I have checked RFC for HTTP header value allowed characters. I am unable to understand the whole thing can any please describe more. RFC reference https://datatracker.ietf.org/doc/html/rfc7230#section-3.2
field-value = *( field-content / obs-fold )
field-content = field-vchar [ 1*( SP / HTAB ) field-vchar ]
field-vchar = VCHAR / obs-text
obs-fold = CRLF 1*( SP / HTAB )
; obsolete line folding
; see Section 3.2.4
CodePudding user response:
It takes a bit of getting used to, reading this Augment BNF syntax in these RFCs, but let’s step through it:
field-value = *( field-content / obs-fold )

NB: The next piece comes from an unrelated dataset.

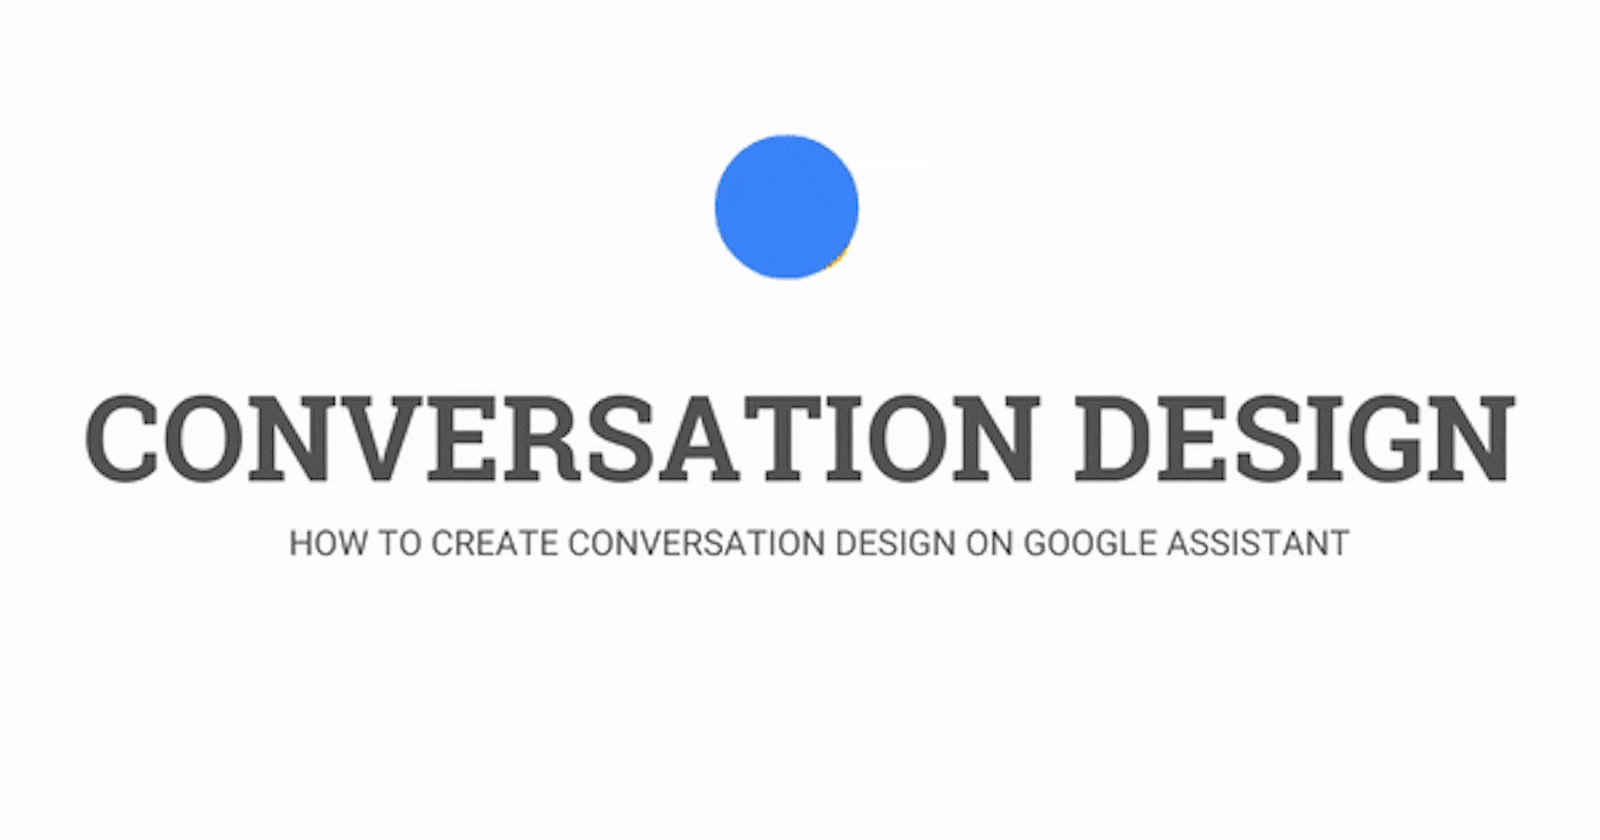 Designing Quality Conversation for Google Assistant

This says a value can contain any number of field-content
or any obs-fold
(a continuation line - we’ll get to that).
field-content
is defined as:
field-content = field-vchar [ 1*( SP / HTAB ) field-vchar ]
This is a field-vchar
, optionally followed by one or more spaces or tabs, and then a field-vchar
.
I’ll spoil the next bit and tell you field-vchar
is basically any visible text character (i.e. not including spaces, tabs, new lines or control characters). So what the above tells you is it’s basically any visible character BUT can also include space and tabs, but not at the beginning or end.
field-vchar
is defined as:
field-vchar = VCHAR / obs-text
That is a VCHAR
(defined further up the RFC as “any visible [USASCII] character”) or obs-text
(characters in the %x80-FF range - basically extra printable characters outside of the basic ASCII characters).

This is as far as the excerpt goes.